An API is available for programmatic access to CrystaLLM. The API is located at:
https://api.crystallm.com/v1/generate
To use the service, an API key is required, which can be obtained by contacting us. Please note that there is a fee for using the API; see Pricing for more information. Alternatively, the model code and weights can be freely downloaded and used on personal hardware. The open source code repository contains instructions for setting up and using CrystaLLM.
Requests
To invoke CrystaLLM through the API, make a POST
request, sending the API key in
a header named x-api-key
. Place the message payload in the body of the request.

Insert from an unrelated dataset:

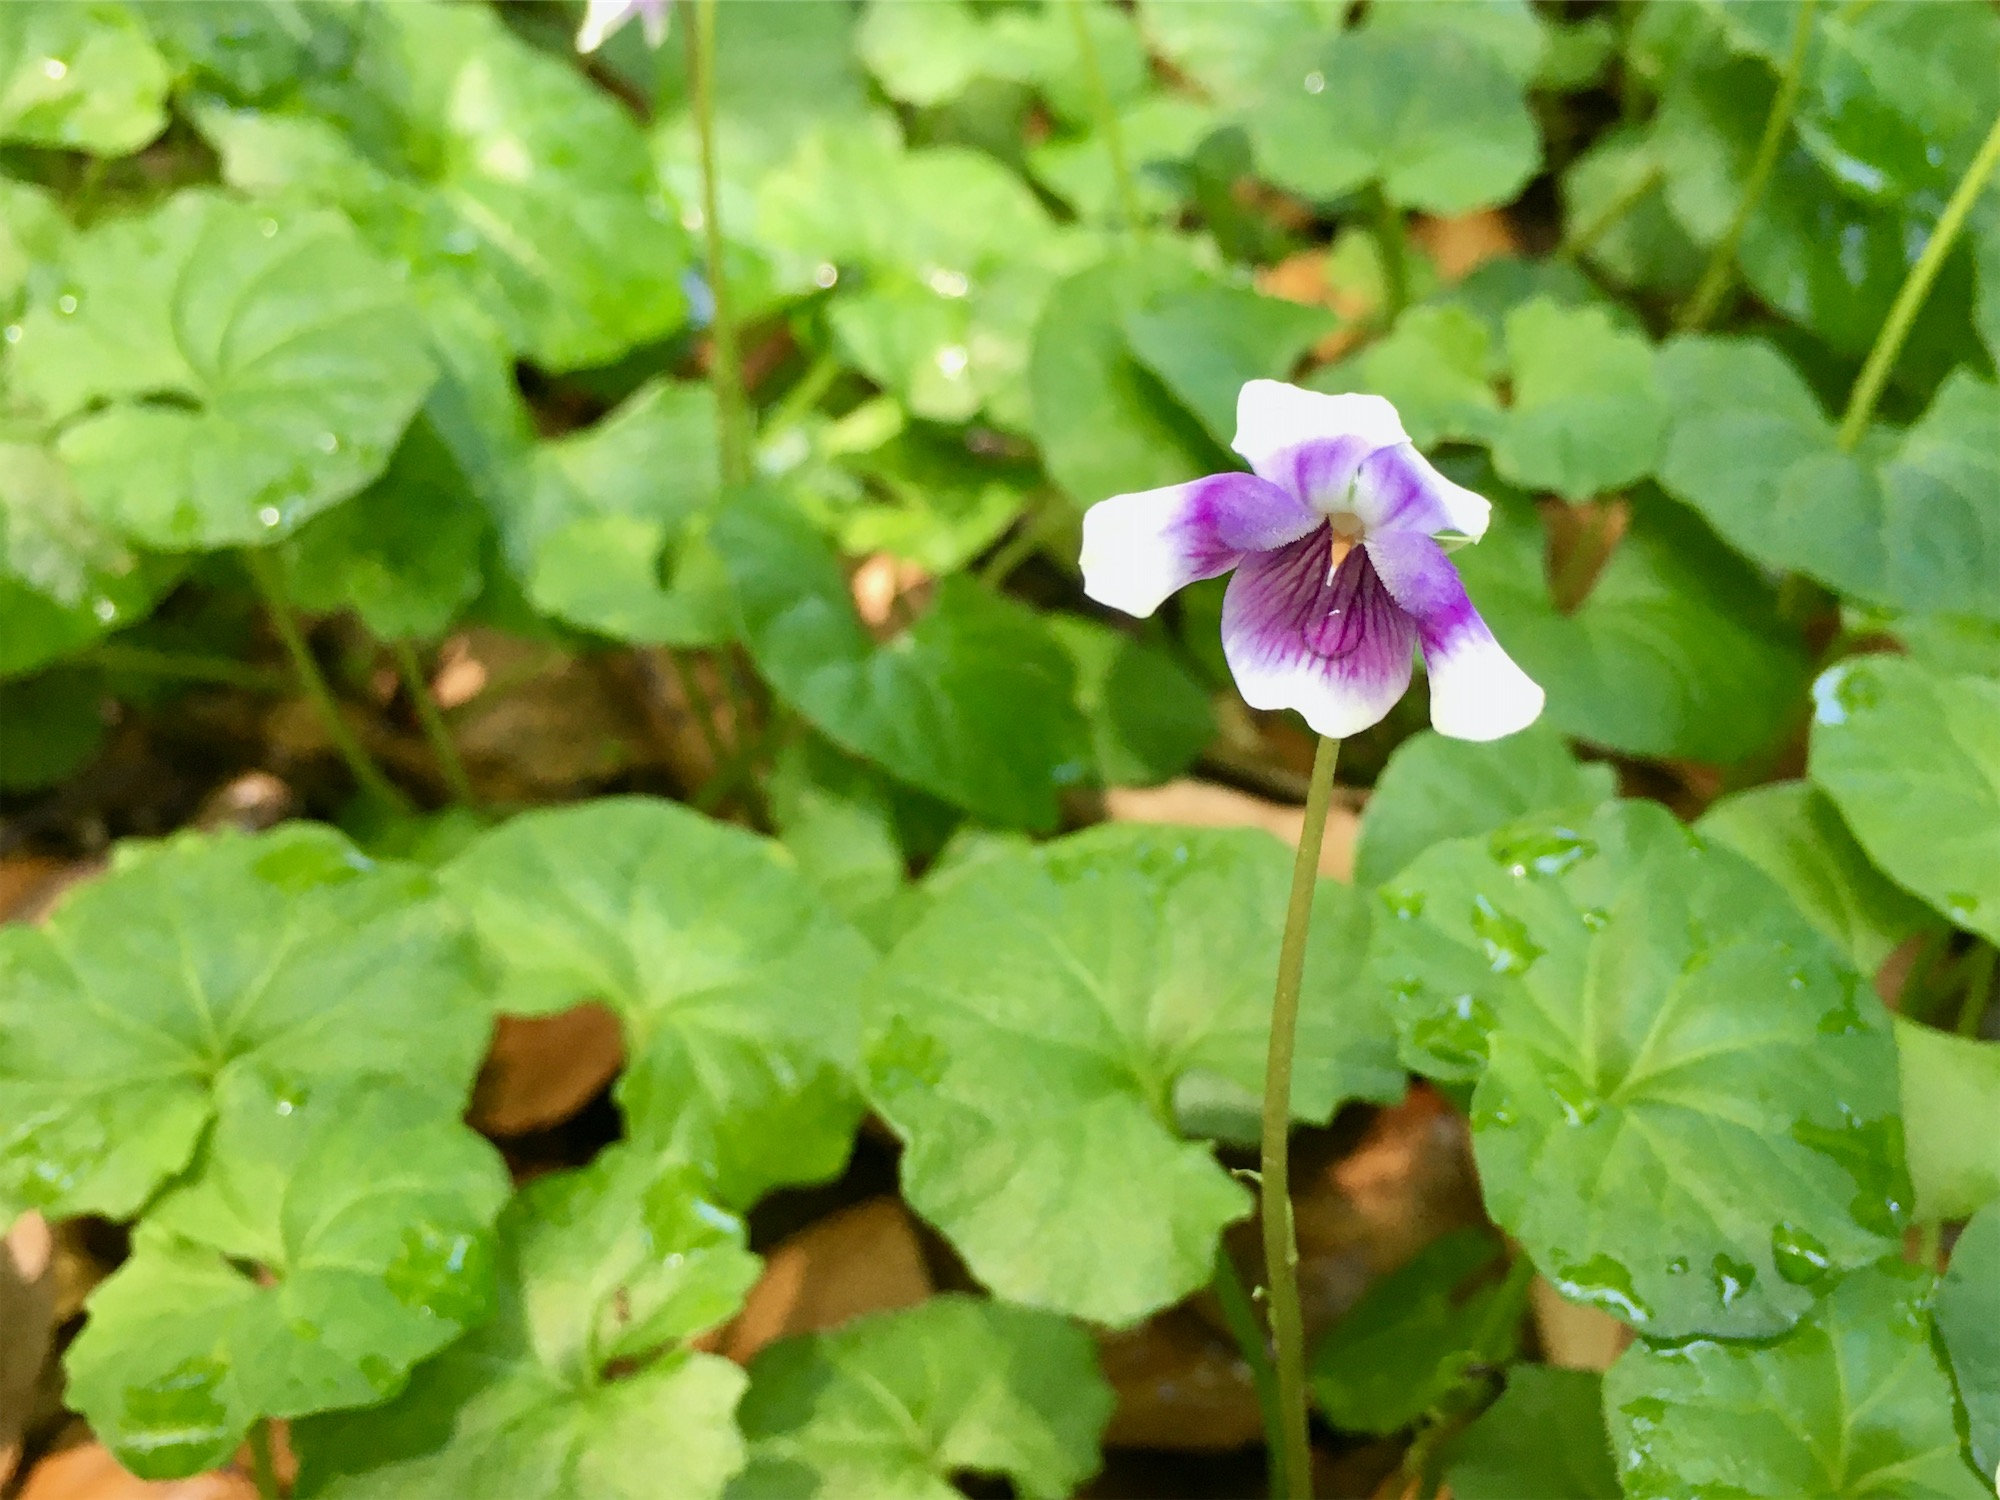 A blue and white violet
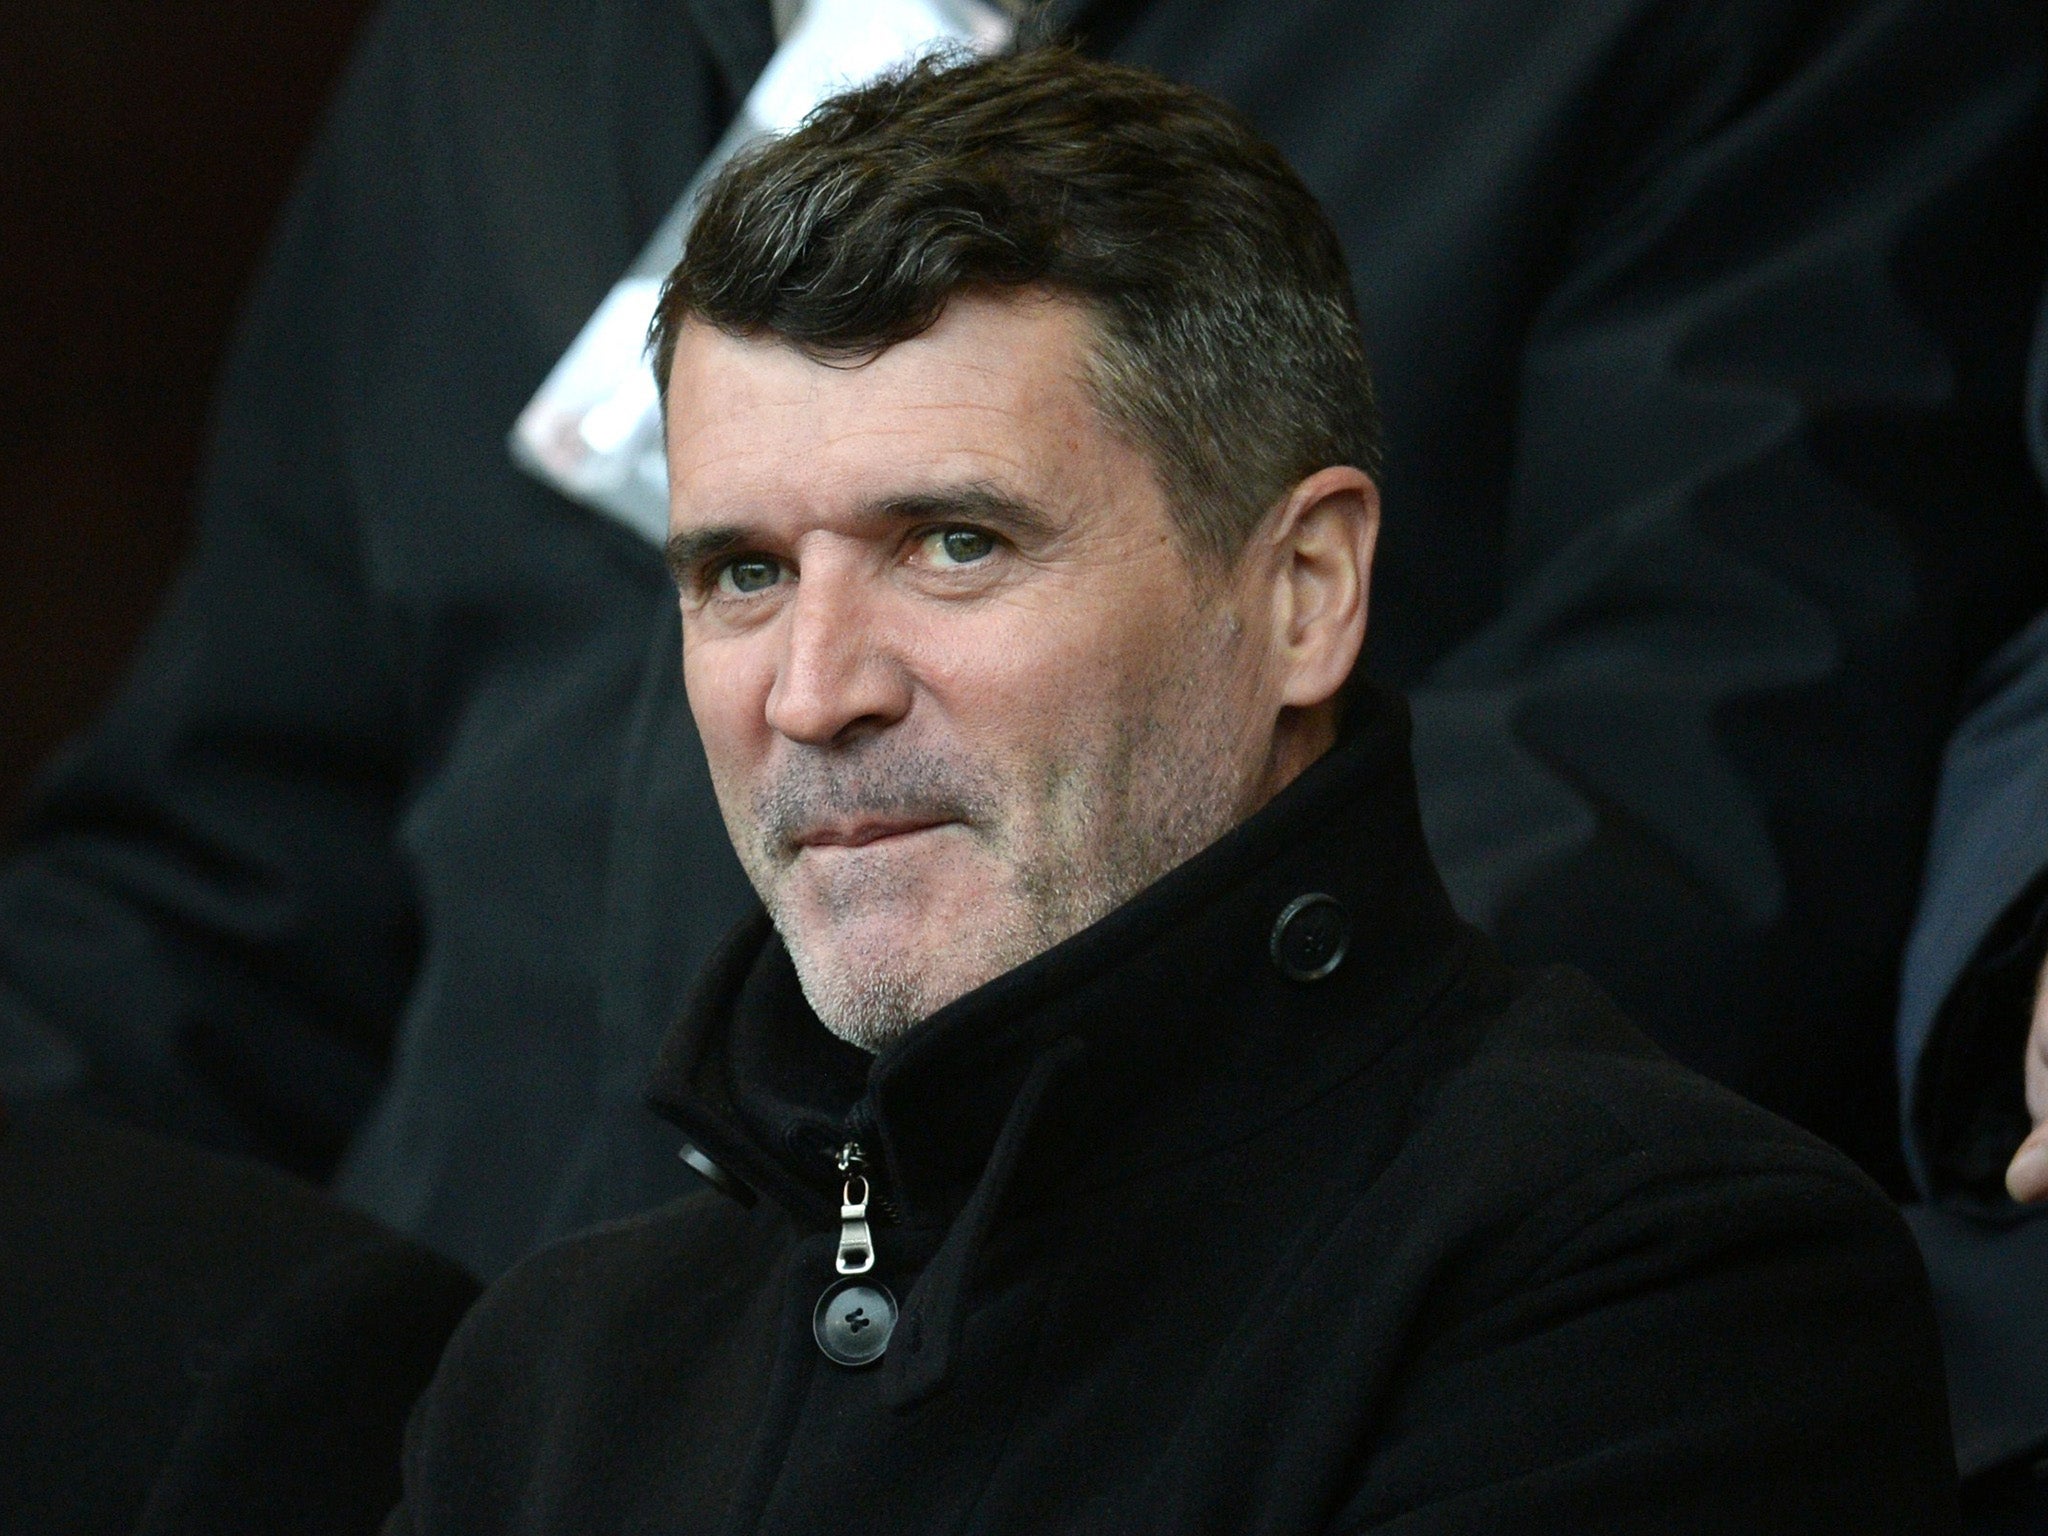 Roy Keane complained during his time at Sunderland that it was difficult to attract players

For example, to request a structure for Ba2MnCr, with Z=3, in space group R3m:
curl -X POST \ -H "Content-Type: application/json" \ -H "x-api-key: YOUR_API_KEY" \ -d '{"model": "small", "message": {"comp": "Ba2MnCr", "z": 3, "sg": "R-3m"}}' \ https://api.crystallm.com/v1/generate
In the example above, the body of the request contains the following properties:
model
: the model to use; can be "small", "medium", or "large" (required)comp
: the composition; must represent a single formula unit (required)z
: the number of formula units in the unit cell (required)sg
: the space group symbol (optional)
As stated above, the sg
property is optional. For example, to request a structure for
Ba2MnCr with Z=3, and allow the space group to be determined during generation:
curl -X POST \ -H "Content-Type: application/json" \ -H "x-api-key: YOUR_API_KEY" \ -d '{"model": "small", "message": {"comp": "Ba2MnCr", "z": 3}}' \ https://api.crystallm.com/v1/generate
Model Types
There are currently 3 kinds of models available: "small", "medium", and
"large". The "small" model consists of ~25 million parameters. It has a request timeout of
60 seconds, and will generate a maximum of 1,200 tokens. It has difficulty generating valid CIFs that are
longer than 500 tokens. However, it is the fastest of the models.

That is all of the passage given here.